55 There are a number of cases in which it has been held that the Refugee Review Tribunal was not required to give the claimant an oral hearing after it was re-constituted due to the unavailability of the member before whom the claimant originally gave evidence. The two cases referred to by counsel for the Minister were MZXDH v Minister for Immigration and Multicultural Affairs [2007] FCA 719 (Finkelstein J) and Abujoudeh v Minister for Immigration & Multicultural Affairs (2001) 115 FCR 179 (Ryan J). Both decisions, it seems to me, involve cases in which it could be inferred that the claimant's evidence was so far-fetched or inherently implausible that any consideration of demeanour or candour could not have resulted in a different outcome. In Abujoudeh, Ryan J said at [32]:
It will be seen, even from the brief rÉsumÉ which I have just given, that the approach which led the Tribunal to characterise certain parts of the applicant's claims as implausible, was based on a dispassionate analysis of the content of the applicant's evidence, not the manner in which it was given. It is therefore, highly unlikely that, had the applicant been personally heard and seen by Ms Wood, his explanations of the inconsistencies on which she relied would have been so convincing or that his demeanour would have been so disarmingly frank as to overcome all or most of her objections.

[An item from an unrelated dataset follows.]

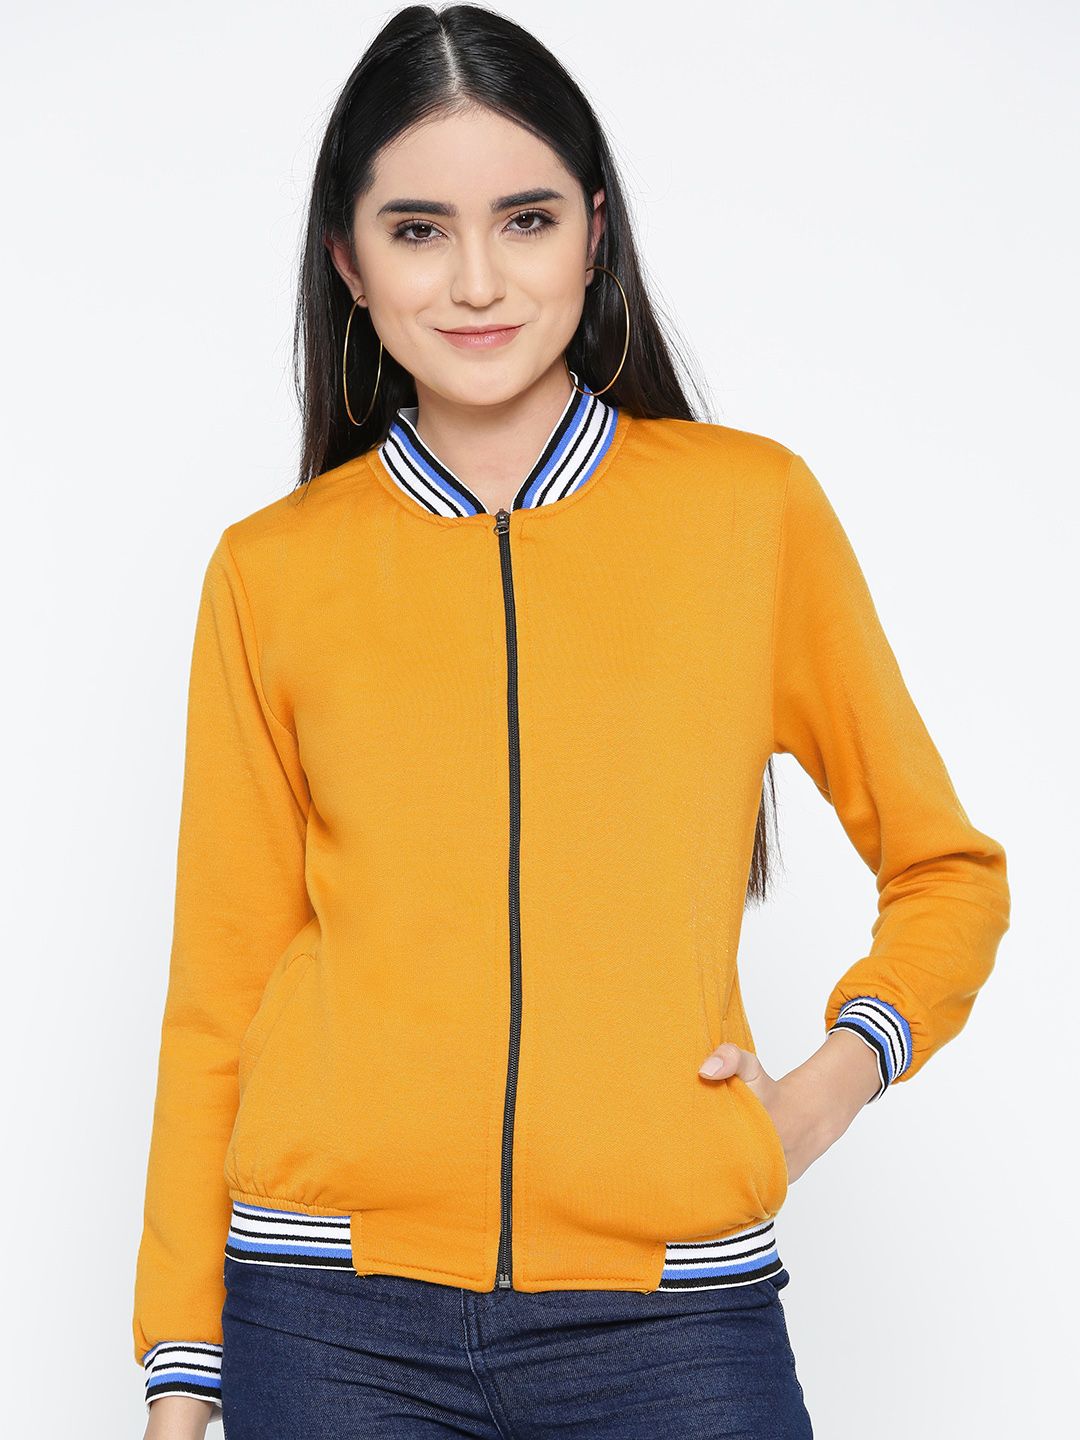 Belle Fille Women Mustard Yellow Solid Varsity Jacket Price in India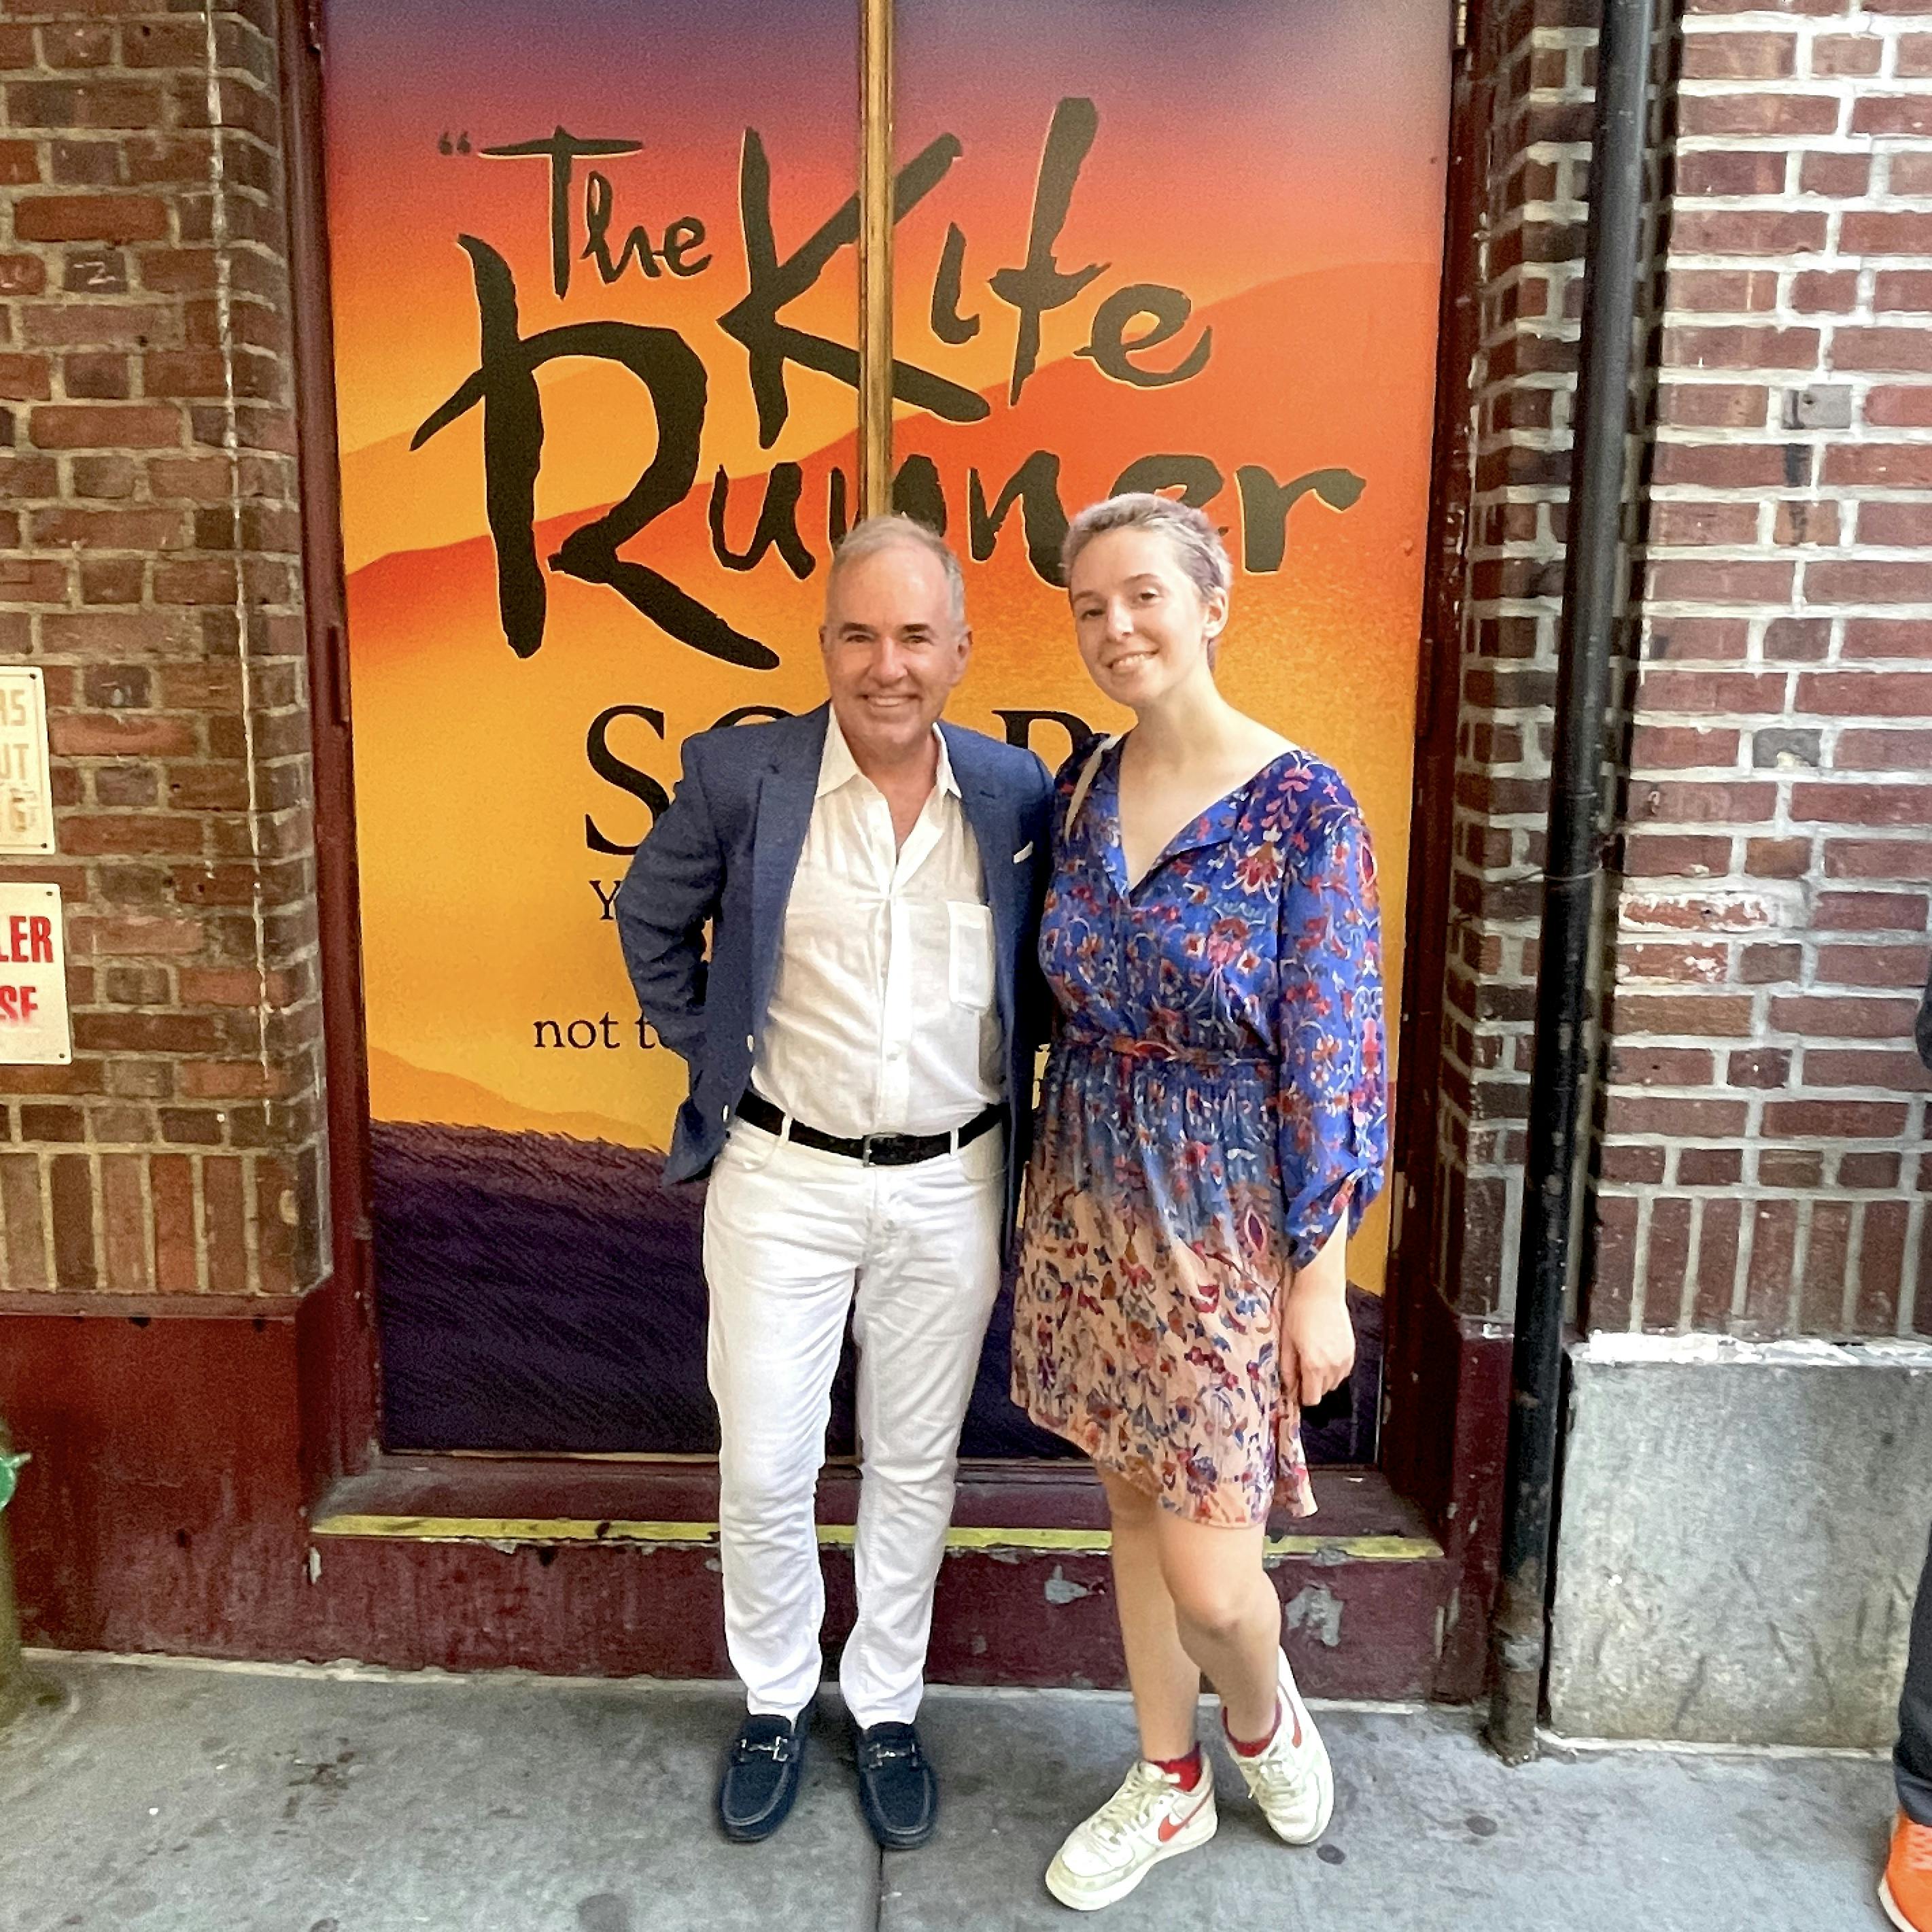 The Kite Runner Broadway Opening Night - Stephen Flaherty and Madeline Katz

56 Accepting that the second respondent's rejection of the appellant's claims was not based upon demeanour, it does not follow, and I would not infer, that it would not have made any difference to the appellant's prospects of obtaining a favourable outcome if he had been afforded the opportunity to participate in an oral hearing at which he could be observed by the second respondent while giving evidence. As Gleeson CJ observed in Re Refugee Review Tribunal; Ex Parte Aala (2002) 204 CLR 82 at [4]:
Decisions as to credibility are often based upon matters of impression, and an unfavourable view taken upon an otherwise minor issue may be decisive.
57 In the present case the appellant was deprived of the opportunity to apply for an oral hearing before the second respondent, an application which, in my view, the Minister would have been hard pressed to resist. In the circumstances, I am satisfied that the second respondent denied the appellant procedural fairness by failing to notify the appellant of his appointment in place of the first reviewer and thereby denying the appellant the opportunity to seek an oral hearing before the second respondent.
I certify that the preceding eighteen (18) numbered paragraphs are a true copy of the Reasons for Judgment herein of the Honourable Justice Nicholas.